= 2007 in the environment =

This is a list of notable events relating to the environment in 2007. They relate to environmental law, conservation, environmentalism and environmental issues.

==Events==
- The IPCC Fourth Assessment Report is released
- The Baiji, a freshwater dolphin that lived in the Yangtze River in China is declared extinct. The population declined drastically as China became industrialized and made heavy use of the river for fishing, transportation, and hydroelectricity.
- The town of Wittenoom in Western Australia is disestablished due to asbestos contamination from past mining operations.
- Friends of the Earth run the Big Ask Campaign calling for a new climate change law in the United Kingdom and 15 other EU member states.

===January===
- The Cebu Declaration on East Asian Energy Security was signed.

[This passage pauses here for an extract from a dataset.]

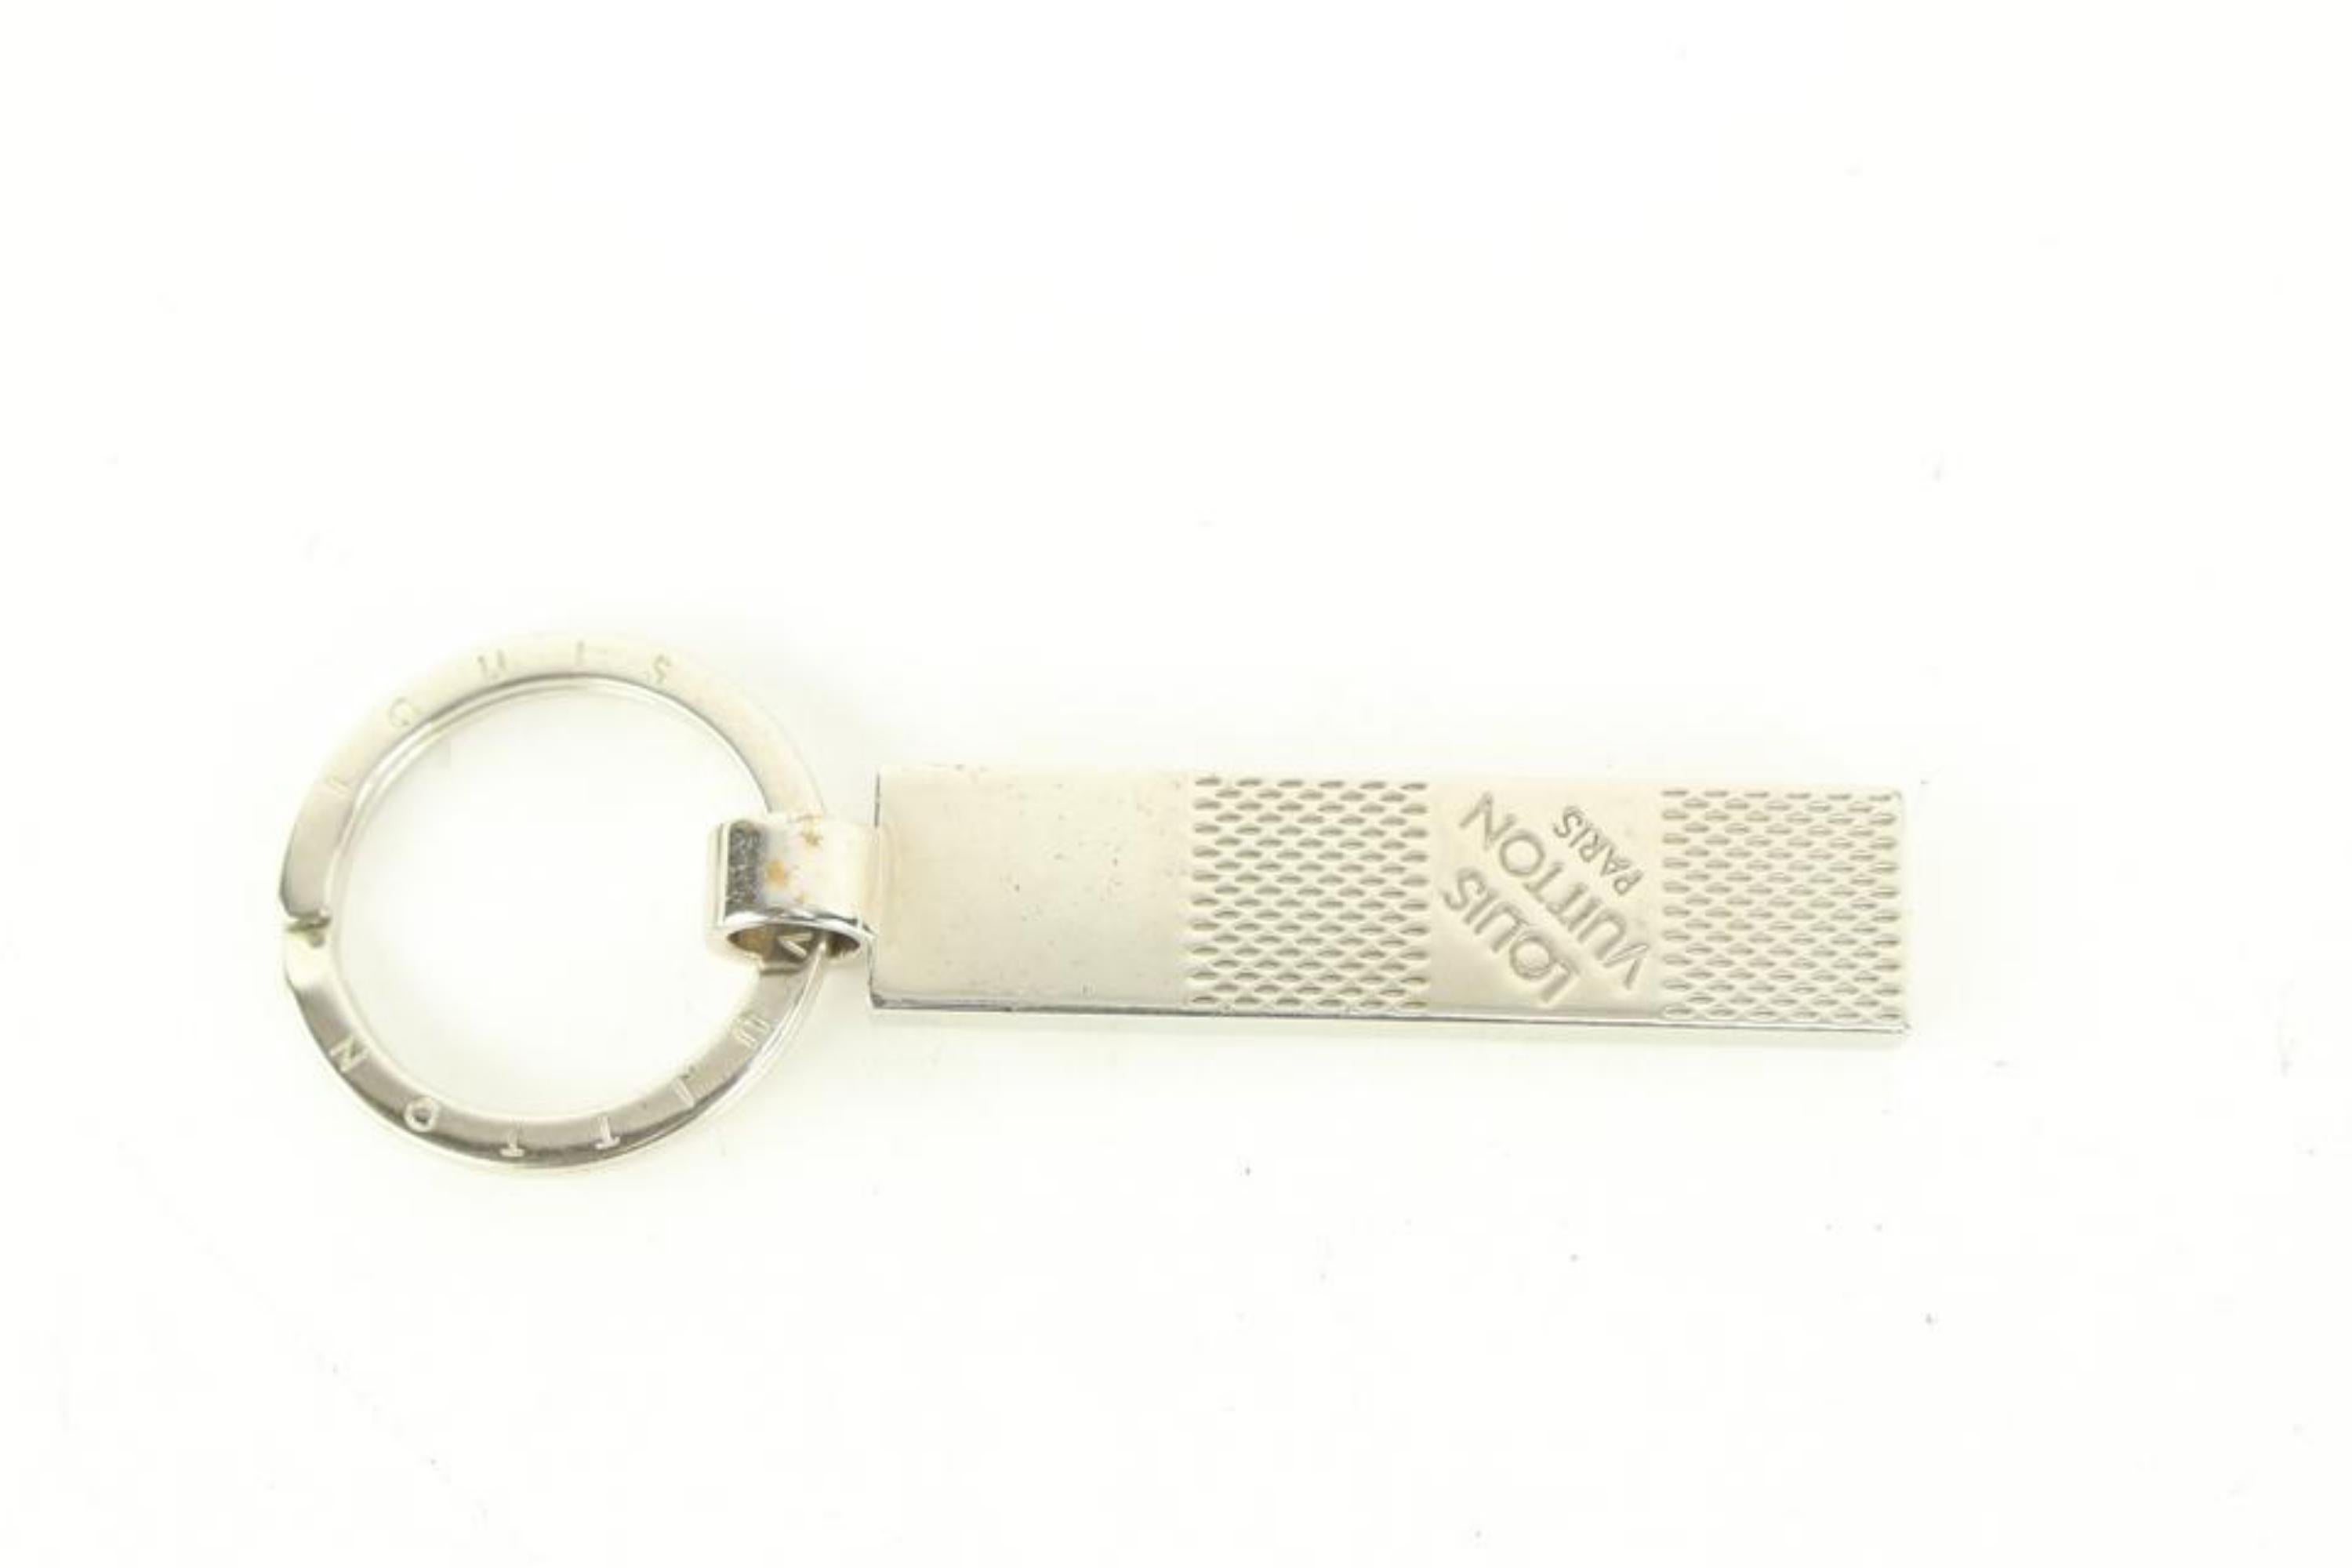 Louis Vuitton M67918 Silver Damier Keychain Keyring Key Charm Pendant 80lk52s In Fair Condition For Sale In Dix hills, NY

The signatories have agreed to promote energy security and find energy alternatives to conventional fuels.
- A $400 million plan was announced to clean up the Sydney Tar Ponds, a hazardous waste site on Cape Breton Island, Nova Scotia, Canada.

===March===
- The first Earth Hour was held on March 31.

===April===
- The great white sharks are given full protection in New Zealand waters.

===May===
- The International Whaling Commission meeting was held in Anchorage, Alaska in the United States.

===June===
- On World Environment Day (June 5), Dell Inc. CEO Michael Dell launched a corporate campaign called ReGeneration, of consumers committed to recycling, renewable energy, and broader environmental stewardship.

===July===
- The Climate Change and Emissions Management Amendment Act of the Canadian province of Alberta passed into law. It was the first law of its type to impose greenhouse gas cuts on large industrial facilities.

===September===
- The Sydney APEC Leaders' Declaration on Climate Change, Energy Security and Clean Development (Sydney Declaration) was adopted at APEC Australia 2007 on 8 September. The agreement indicates the wish of signatories to work towards aspirational goals on energy efficiency per unit of GDP while encouraging forest cover in the region.

===November===
- The COSCO Busan oil spill occurred between San Francisco and Oakland, California in the United States.
- The hoax Journal for Geoclimatic Studies published a fabricated global warming study entitled, "Carbon dioxide production by benthic bacteria: the death of manmade global warming theory?"
- Business leaders of 150 global companies published the Bali Communiqué to world leaders calling for a comprehensive, legally binding United Nations framework to tackle climate change.
- The P8 Group meet for their first P8 summit. It brings together senior leaders from some of the world's largest public pension funds to develop actions relating to global issues and particularly climate change.

===December===
- The 2007 United Nations Climate Change Conference took place in Bali, Indonesia, between December 3 and December 15, 2007
- The participating nations at the 2007 United Nations Climate Change Conference adopted the Bali Road Map as a two-year process to finalizing a binding agreement in 2009 in Copenhagen.
- The MT Hebei Spirit oil spill occurred in South Korea.